I found this problem in a number theory course, I am assuming (but not sure) it is supposed to be an application of Hensel's lemma.
For every $n \in \mathbb{N}_0$, determine the number of solutions over $\mathbb{Z}/5^n\mathbb{Z}$ of the equation $y^2 = x^3 + x^2 + 5$.
In the base case $n = 1$, there are four solutions $(0, 0), (3, 1), (3, 4), (4, 0)$. The problem with Hensel's lemma in the multivariate case seems to be, if you lift your root to a higher prime power, you can no longer be sure this new root is unique. So instead I figured for every root, I'd fix each variable separately, and consider the univariate problem in the other respective variable. From this I derived the following results:
- $(0, 0)$ doesn't have higher power solutions by fixing either variable.
- $(3, 1)$ has a unique higher power solution by fixing either variable.
- $(3, 4)$ has a unique higher power solution by fixing either variable.
- $(4, 0)$ has a unique higher power solution by fixing the second variable.
However I have no clue how to further deduce the amount of solutions apart from these implicit ones. Just to get an idea of where I was headed I computed all solutions in the case $n = 2$. This way I did notice there are patterns in the solutions:
- $(0, 0)$ mod $5$, there are no corresponding solutions mod $25$.
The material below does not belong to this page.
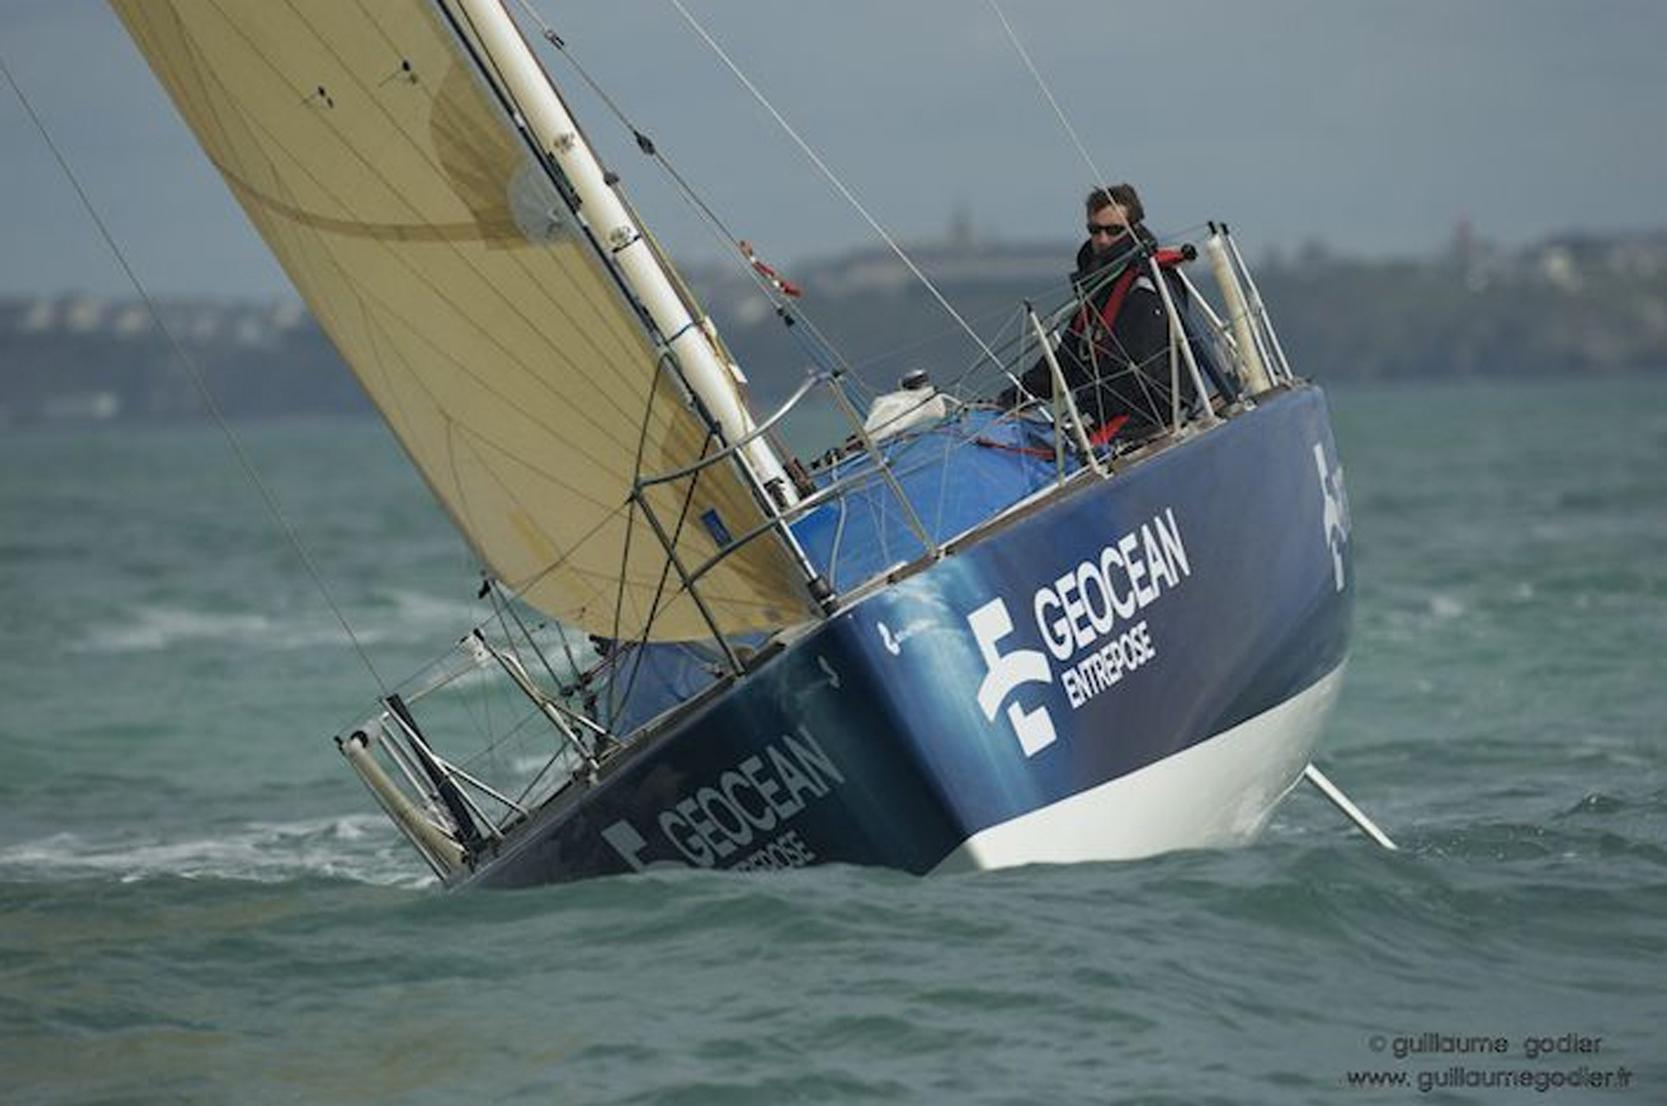 Solo Basse Normandie : Les impressions du skipper

- $(3, 1)$ mod $5$, the solutions are $(3 + 5k, 21 – 5k)$ mod $25$ for each $k$.
- $(3, 4)$ mod $5$, the solutions are $(3 + 5k, 4 + 5k)$ mod $25$ for each $k$.
- $(4, 0)$ mod $5$, the solutions are $(19, 5k)$ mod $25$ for each $k$.
I can sense there must be a connection between the results I got in the univariate case, and the results I have to get in the multivariate case. But I can't seem to figure out how to formally argue, based on the results of Hensel's lemma, why those patterns in the solutions of $n = 2$ turned out the way they are. Neither do I have a clue how to generalize my results towards an arbitrary power of $5$.
Best Answer
COMMENT.- In general, every solution $x_0$ of $f (x) = 0 \mod p$, except when $\color{red}{f '(x_0) \ne 0 \mod p}$, gives a solution of $f (x) = 0 \mod p ^ n$solving successively the equation modulo $p^2,p^3,\cdots p^n$.
Because of $f (x_0) = 0\mod p ^ n\Rightarrow f (x_0) = 0 \mod p$ putting $x=x_0+px_1$ we can solve $$f(x_0+px_1)=0\mod p^2$$ getting after simplifications$$f(x_0)+px_1f'(x_0)=0\mod p^2$$ which implies $$f(x_0)+px_1f'(x_0)=0\mod p$$ so we get $$x_1=\frac{-f(x_0)}{pf'(x_0)}\mod p$$ For example the given solution $(3,1)$ modulo $5$ of $y^2=x^3+x^2+5$ gives the univariable equation $$1=x^3+x^2+5$$ which is the equation $$f(x)=x^3+x^2+4=0$$ and with the exposed methode one get $x_1=\dfrac{-f(3)}{5f'(3)}=\dfrac{-(27+9+4)}{5(3\cdot3^2+2\cdot3)}=-\dfrac 33=4$.
Thus $(3,4)$ is a solution of $y^2=x^3+x^2+5$ modulo $25$.
In the proposed equation we have to go first to $3$ distinct equations because if $a$ is a square modulo $25$ we must have $f(x)=x^3+x^2+5-a=0\mod 5$ and because of $x^3+x^2\in\{1,0,2\}$ one has $$\begin{cases}f_1(x)=x^3+x^2+5=0\\f_2(x)=x^3+x^2+4=0\\f_3(x)=x^3+x^2+3=0\end{cases}$$ Some work gives then the following solutions modulo 25: $(3,\pm4),(8,\pm9),(13,\pm11),(18,\pm6),(19,0),(23,\pm1)$.